I recently used this solution to implement Yolov4 in DeepStream 5.0 on a Jetson Nano
The problem is the FPS is pretty low, so I was thinking of using the Yolov4 tiny model.
My question is, I have to change the functions in the cpp according to the model or only the txt files?
I think there are at least 3 steps for you do to with YoloV4 tiny.
Step 1: Study differences between YoloV4 and YoloV4 tiny on behalf of implementations of Yolo layers. As I know there are only 2 yolo layers for YoloV4 tiny, so if each yolo layer uses 3 anchor boxes, there would be only 6 anchor boxes for YoloV4 tiny. But YoloV4 has 3 yolo layers and 9 anchor boxes.
Step 2: Download YoloV4 tiny cfg file, and create a YoloV4 tiny pytorch model. You can use darknet2pytorch or pure pytorch implementation of YoloV4 as references. You can use pre-trained darknet weights of YoloV4 tiny or train it with your own dataset.
Step 3: Deploy your trained YoloV4 tiny to DeepStream. If you strictly follow the instructions and output shapes of your YoloV4 tiny obey these formats: [batch, num_boxes, 1, 4] and [batch, num_boxes, num_classes], there would be little change in these C++ parsing functions.

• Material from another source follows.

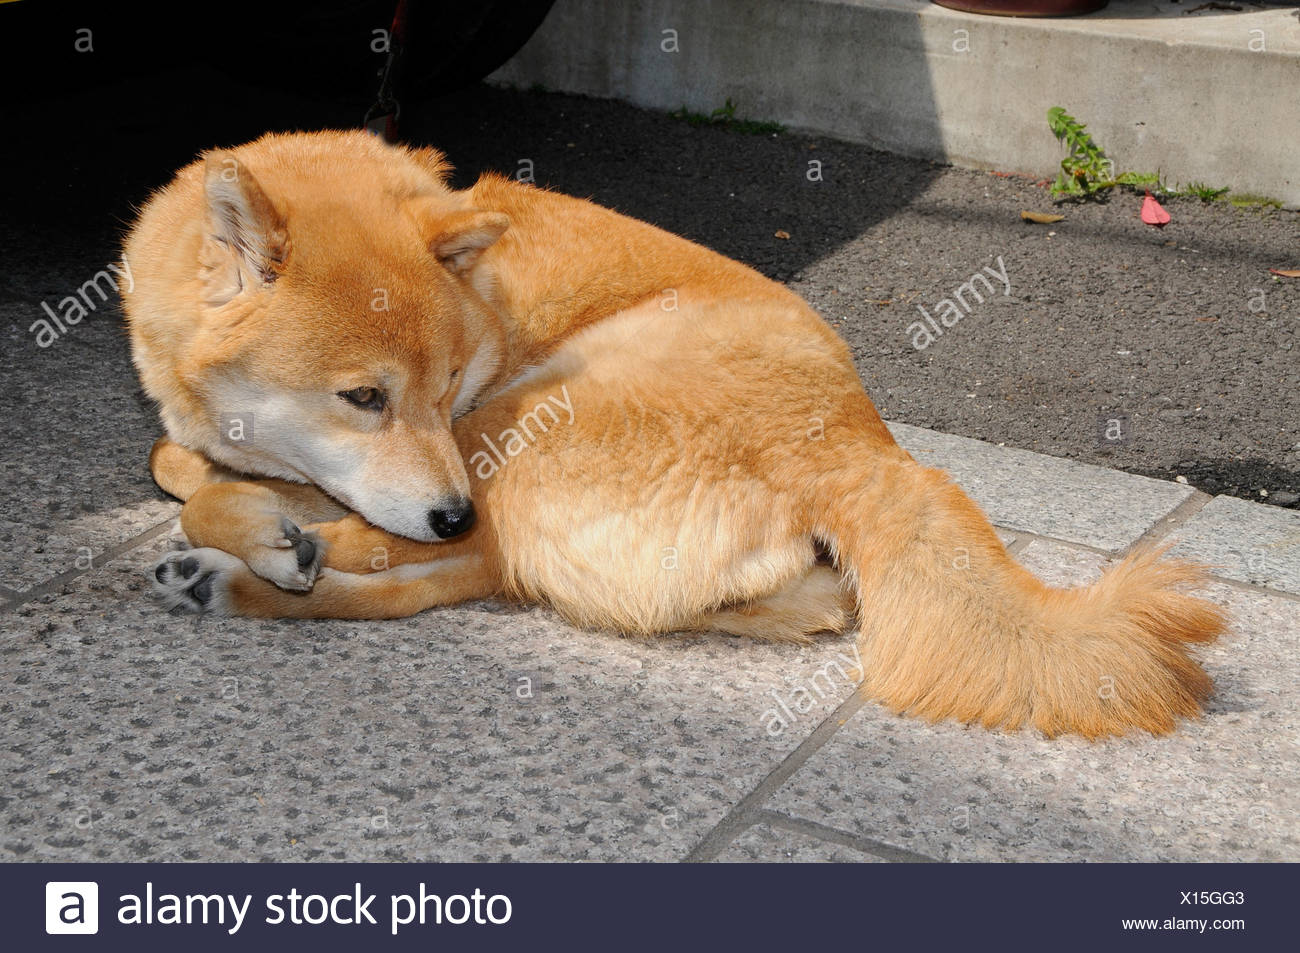 Hokkaido cane, Ainu cane, Ainu Inu, Hokkaido-Ken, Giapponese cane di razza, comune cane, Kyoto, Giappone, Asia Immagini Stock

I have been able to produce the tensorrt engine of yolov4-tiny on my jetson nano (I did it by commenting only one line in yolo.cpp). having the tensorrt engine at hand, All I need is some modications needed in the nvdsparsebbox_Yolo.cpp file to produce a “parse-bbox-func-name=NvDsInferParseCustomYoloV4Tiny” to be used by config_infer_primary_yoloV4_tiny.txt. I have found a sample for yolov4 on the net (that you have mentioned in your above post), but that is for yolov4 and not for yolov4-tiny, and I cannot figure out how to embed the anchors and masks in it.
do you have any such code available for yolov4-tiny?
Did you modify nvdspasebbox_Yolo.cpp? (yolotiny_v4 format). I am trying to use yolov4tiny on jetson nano, but I dont know the code format in that file?
If you convert the yolov4-tiny into a tensorRT model using darknet2pytorch, you can load the model directly into deepstream without caring about the anchors and masks. Just set the model-engine to the tensorRt model in the pgie configuration and update the nvdsparsebbox_Yolo.cpp as already described in instructions. I’ve tested it to work.
I gave up on DeepStream and tried to find another solution, tkDNN.
My env was Ubuntu 18, CUDA 10.2, CUDNN 8.0.0, and TensorRT 7.1.3.
Using a custom YOLOv4 tiny model with four classes, I got an average of 38 FPS in F16 with batch size 1 and 4, on Jetson Nano.
The only problem I had was with the building process, where I had to install especially the 3.17.4 version of cmake, but the rest was smooth.
Hope it helps